基础数据挖掘方法与集成数据挖掘方法在预测结直肠癌患者5年生存率中的比较
Comparison of Basic and Ensemble Data Mining Methods in Predicting 5-Year Survival of Colorectal Cancer Patients.
作者信息
Pourhoseingholi Mohamad Amin, Kheirian Sedigheh, Zali Mohammad Reza
机构信息
Gastroenterology and Liver Diseases Research Center, Research Institute for Gastroenterology and Liver Diseases, Shahid Beheshti University of Medical Sciences, Tehran, Iran.
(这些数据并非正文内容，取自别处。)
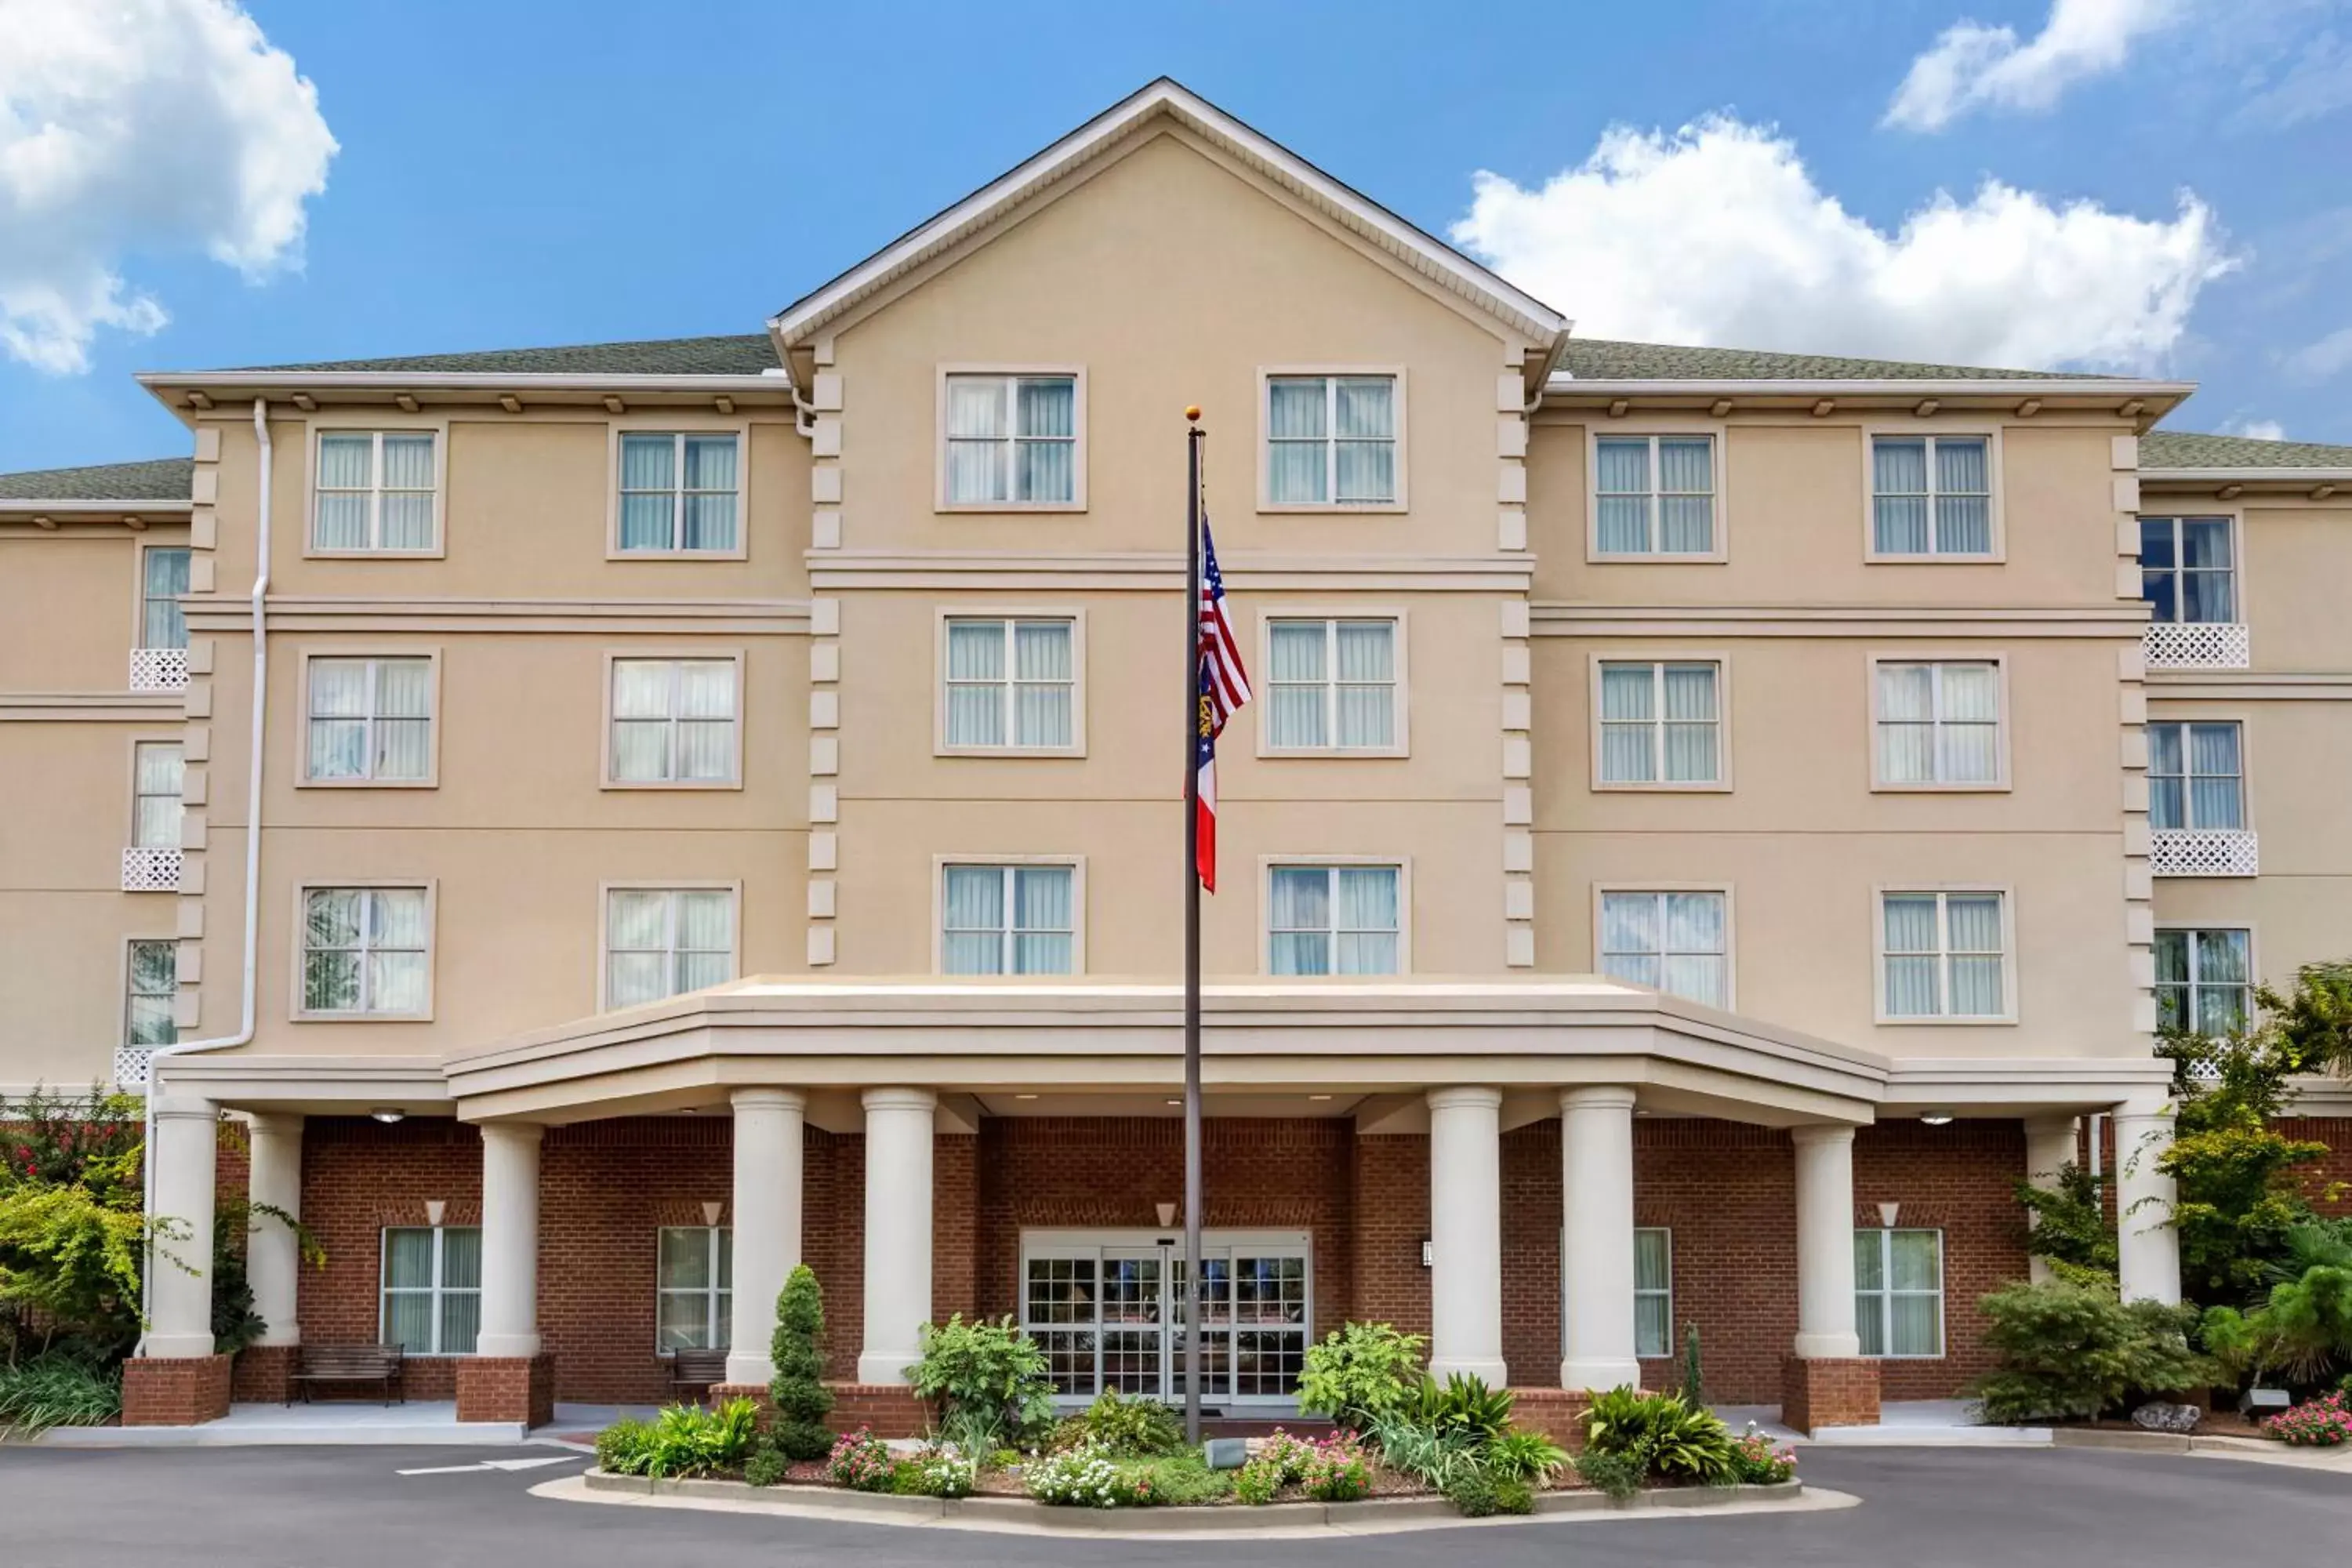 Property building, Facade/Entrance in Country Inn & Suites by Radisson, Athens, GA

Department of Health Informatics Technology and Management, School of Allied Medical Sciences, Shahid Beheshti University of Medical Sciences, Tehran, Iran.
出版信息
Acta Inform Med. 2017 Dec;25(4):254-258. doi: 10.5455/aim.2017.25.254-258.
INTRODUCTION
Colorectal cancer (CRC) is one of the most common malignancies and cause of cancer mortality worldwide. Given the importance of predicting the survival of CRC patients and the growing use of data mining methods, this study aims to compare the performance of models for predicting 5-year survival of CRC patients using variety of basic and ensemble data mining methods.
METHODS
The CRC dataset from The Shahid Beheshti University of Medical Sciences Research Center for Gastroenterology and Liver Diseases were used for prediction and comparative study of the base and ensemble data mining techniques. Feature selection methods were used to select predictor attributes for classification. The WEKA toolkit and MedCalc software were respectively utilized for creating and comparing the models.
RESULTS
The obtained results showed that the predictive performance of developed models was altogether high (all greater than 90%). Overall, the performance of ensemble models was higher than that of basic classifiers and the best result achieved by ensemble voting model in terms of area under the ROC curve (AUC= 0.96).
CONCLUSION
AUC Comparison of models showed that the ensemble voting method significantly outperformed all models except for two methods of Random Forest (RF) and Bayesian Network (BN) considered the overlapping 95% confidence intervals. This result may indicate high predictive power of these two methods along with ensemble voting for predicting 5-year survival of CRC patients.
引言
结直肠癌(CRC)是全球最常见的恶性肿瘤之一,也是癌症死亡的主要原因。鉴于预测CRC患者生存率的重要性以及数据挖掘方法的广泛应用,本研究旨在比较使用各种基本和集成数据挖掘方法预测CRC患者5年生存率的模型性能。
方法
使用来自沙希德·贝赫什提医科大学胃肠病学和肝病研究中心的CRC数据集,对基本和集成数据挖掘技术进行预测和比较研究。采用特征选择方法选择用于分类的预测属性。分别使用WEKA工具包和MedCalc软件创建和比较模型。
结果
所得结果表明,所开发模型的预测性能总体较高(均大于90%)。总体而言,集成模型的性能高于基本分类器,集成投票模型在ROC曲线下面积(AUC = 0.96)方面取得了最佳结果。
结论
模型的AUC比较表明,除了随机森林(RF)和贝叶斯网络(BN)这两种方法在95%置信区间重叠外,集成投票方法显著优于所有模型。这一结果可能表明这两种方法以及集成投票在预测CRC患者5年生存率方面具有较高的预测能力。